Mesoscale and convective-scale characteristics of an incipient tropical depression observed over the western North Pacific

The role of small-scale processes, such as the evolution of mesoscale convective systems and mesoscale vortices, in a tropical cyclone formation is recently focused in numerical studies using high resolution models. The present study aims at understanding the role based on observations, carried out using Doppler radars over the western North Pacific.
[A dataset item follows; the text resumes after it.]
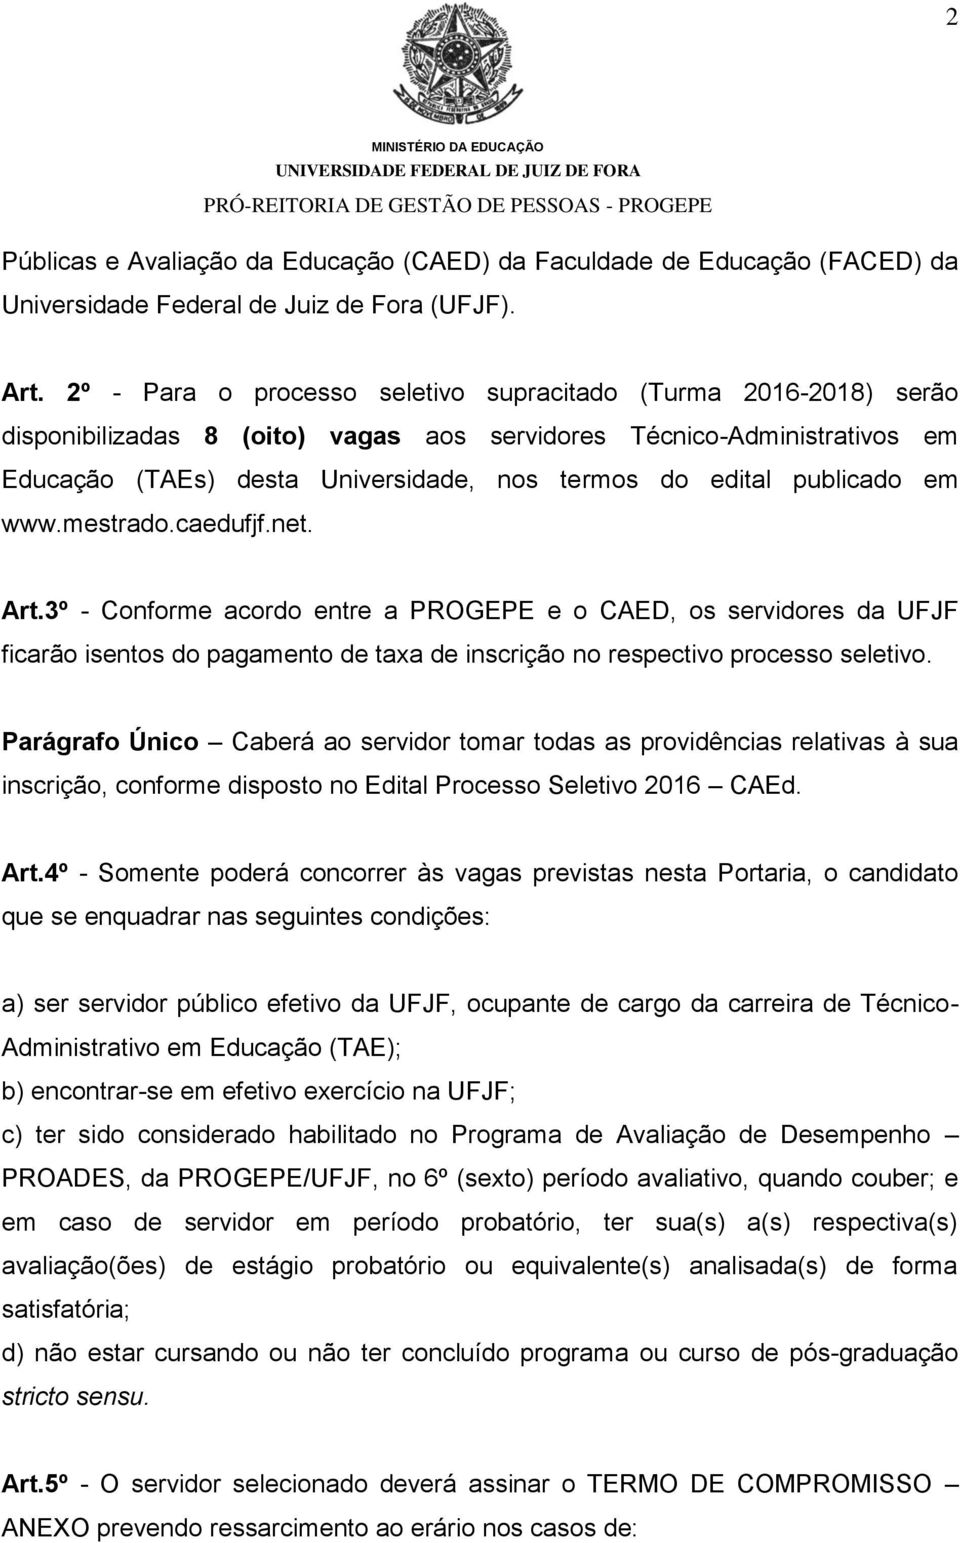 publicado em www.mestrado.caedufjf.net. Art.3º - Conforme acordo entre a PROGEPE e o CAED, os servidores da UFJF ficarão isentos do pagamento de taxa de inscrição no respectivo processo seletivo.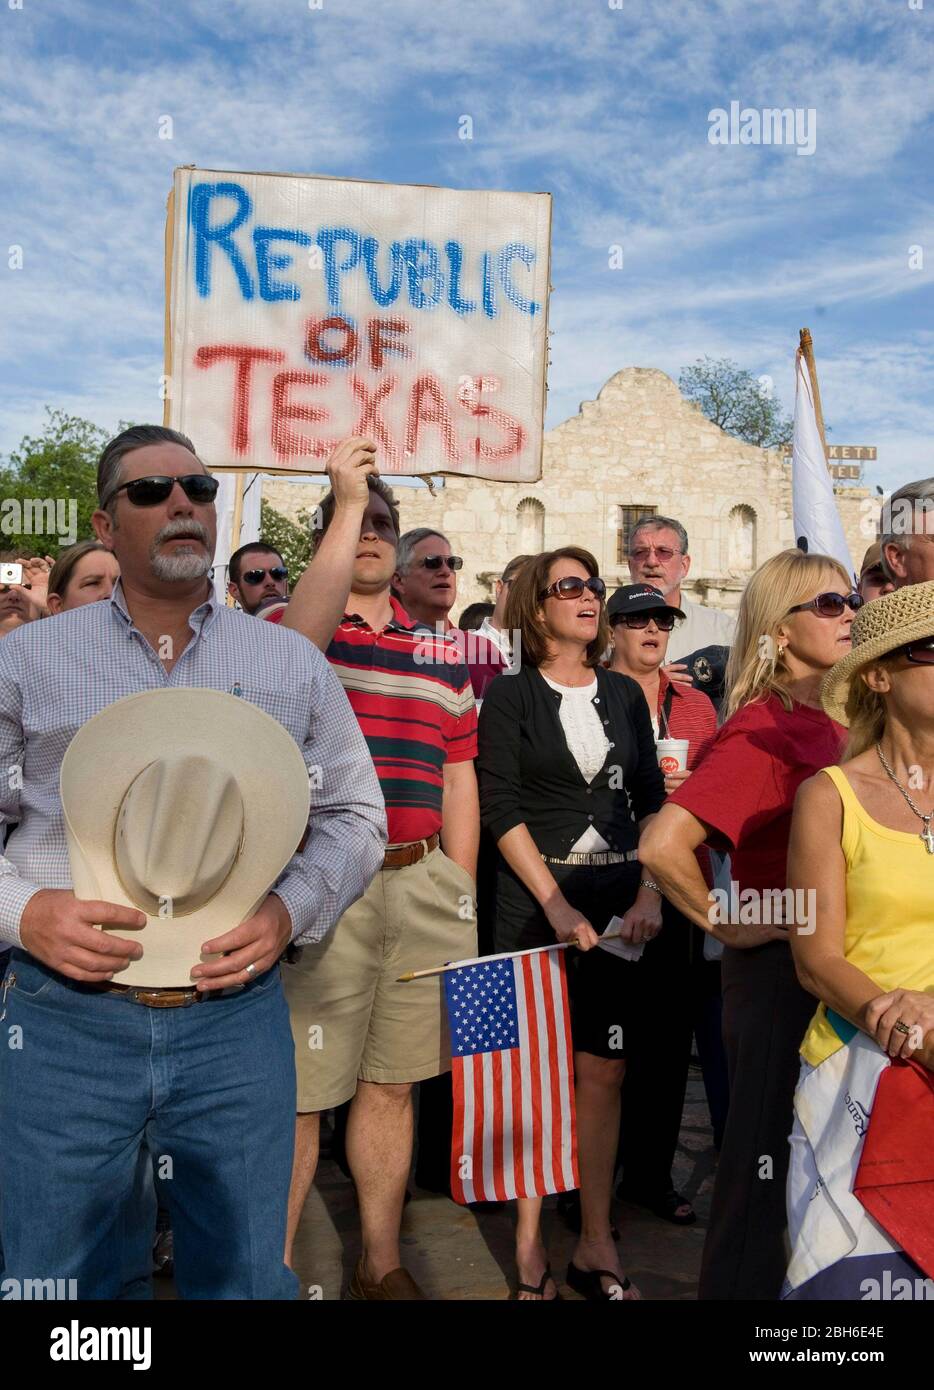 San Antonio, Texas 15 avril 2009: Quelques-uns des milliers de Texans qui se sont réunis en face de l'Alamo dans le centre de San Antonio pour un "Tea Party" protestant contre les renflouements fédéraux et les politiques économiques et d'immigration du président Obama. ©Bob Daemmrich Banque D'Images

The case studied is an incipient tropical depression, which was characterized by a peak of convective activity 1.5 days before the lowering of sea-level pressure. This formation occurred when a tropical disturbance in an easterly trade flow approached a monsoon trough ahead of a low-level monsoonal southwesterly flow. During the genesis stage, one of mesoscale vortices in stratiform echo regions was replaced by a group of deep convective cells possessing mesocyclones (see an attached figure). The organization of this convection led a low-level cyclonic circulation on a system scale (~100 km). In terms of morphology and kinematics, this evolution of cyclonic circulation is quite similar to that induced by vortical hot towers, simulated in Montgomery et al. (2006). The environment of the convective system was characterized by the rapid destabilization, which resulted from the confluence of undisturbed air in the lower troposphere. These results suggest that only a mesoscale vortex in the special environment, characterized by low-level convergence and strong latent instability, in addition to synoptic-scale cyclonic vorticity and weak vertical shear, has a potential to grow into a circulation center of a tropical cyclone.